# Stored data:
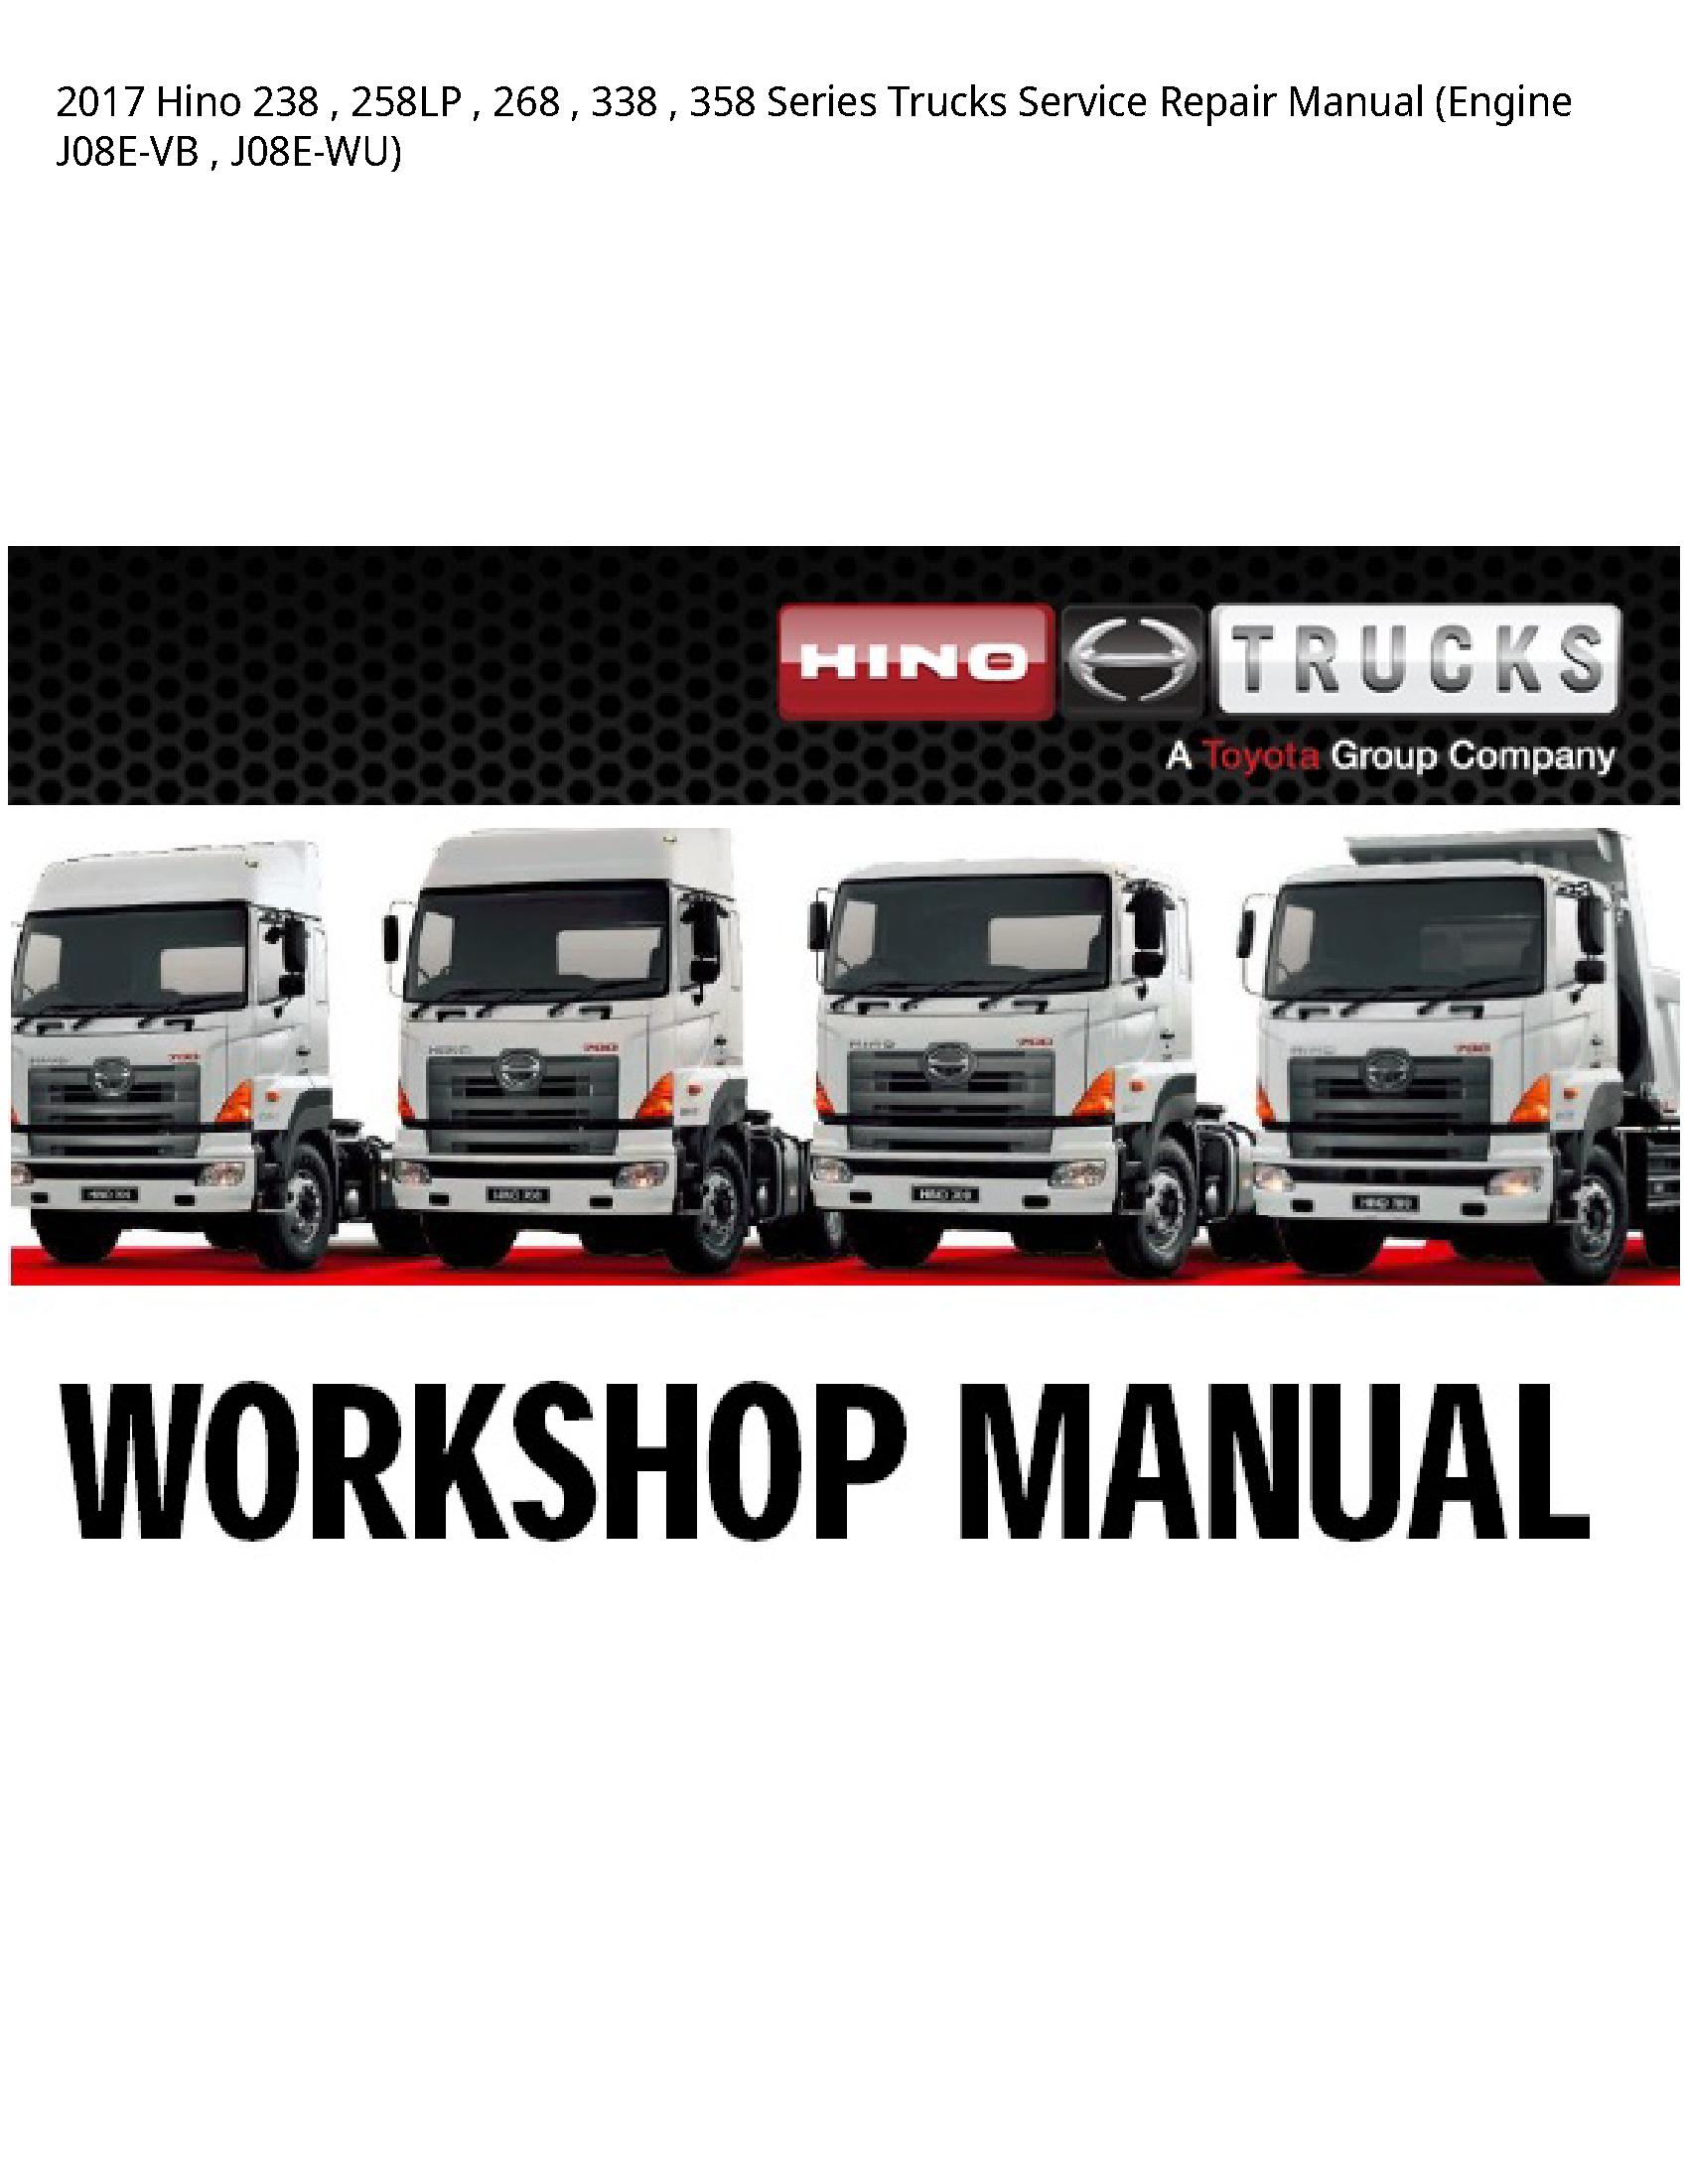 Hino 238 Series Trucks manual
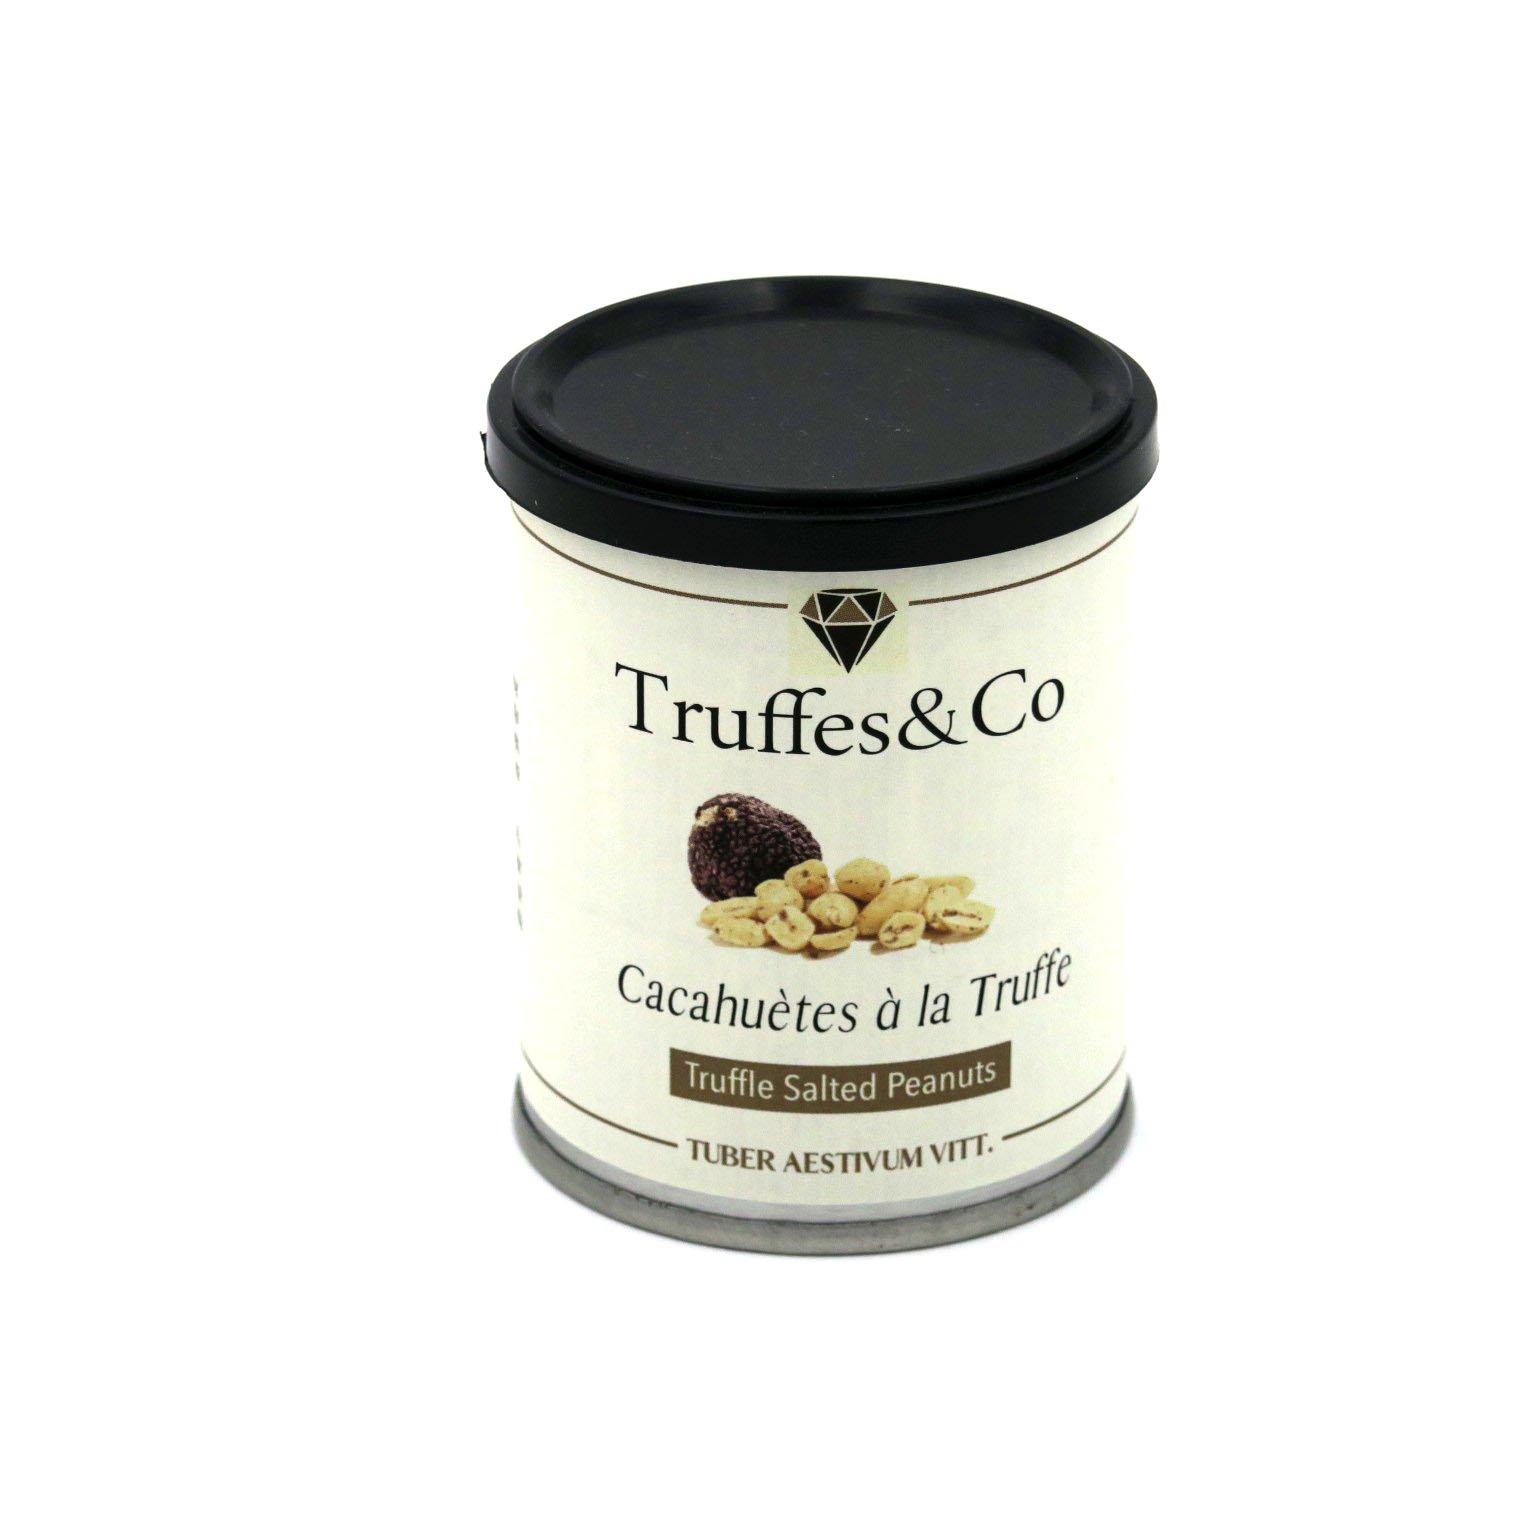 TC-CACTE60 Cacahuètes à la Truffe
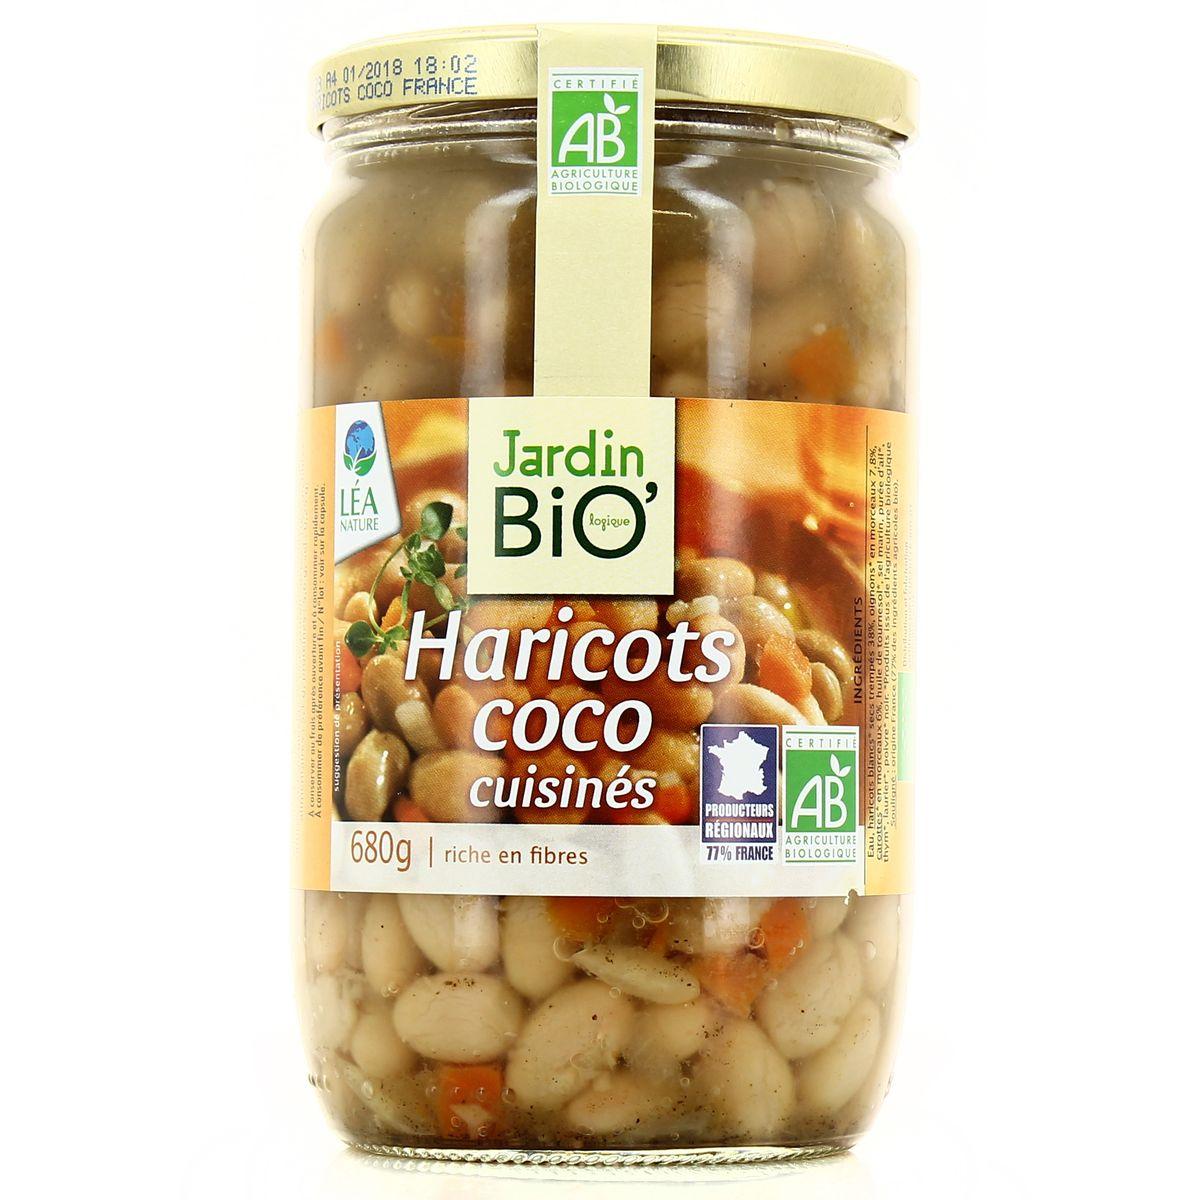 Haricots coco cuisinés BIO, Jardin Bio (680 g)
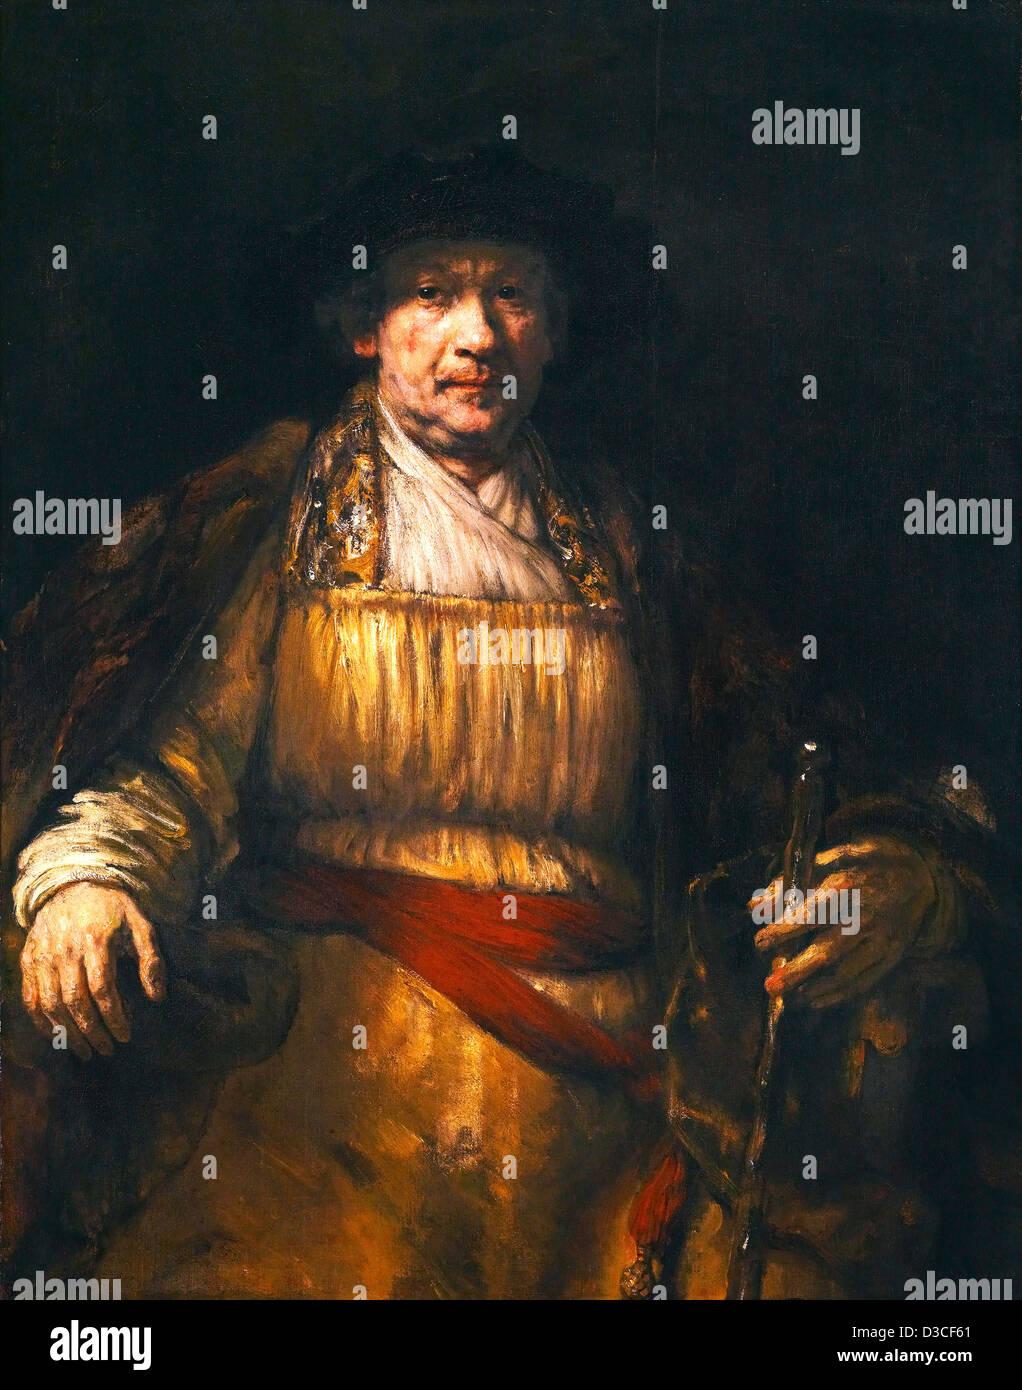 Rembrandt van Rijn, Self-portrait. 1658 Oil on canvas. Frick Collection, New York. Stock Photo

# Your assignment:
Transcribe the listing word for word, but keep its pictures out of the copy.

# Solution to this exercise:
 Hino 238 Series Trucks manual
 TC-CACTE60 Cacahuètes à la Truffe
 Haricots coco cuisinés BIO, Jardin Bio (680 g)
 Rembrandt van Rijn, Self-portrait. 1658 Oil on canvas. Frick Collection, New York. Stock Photo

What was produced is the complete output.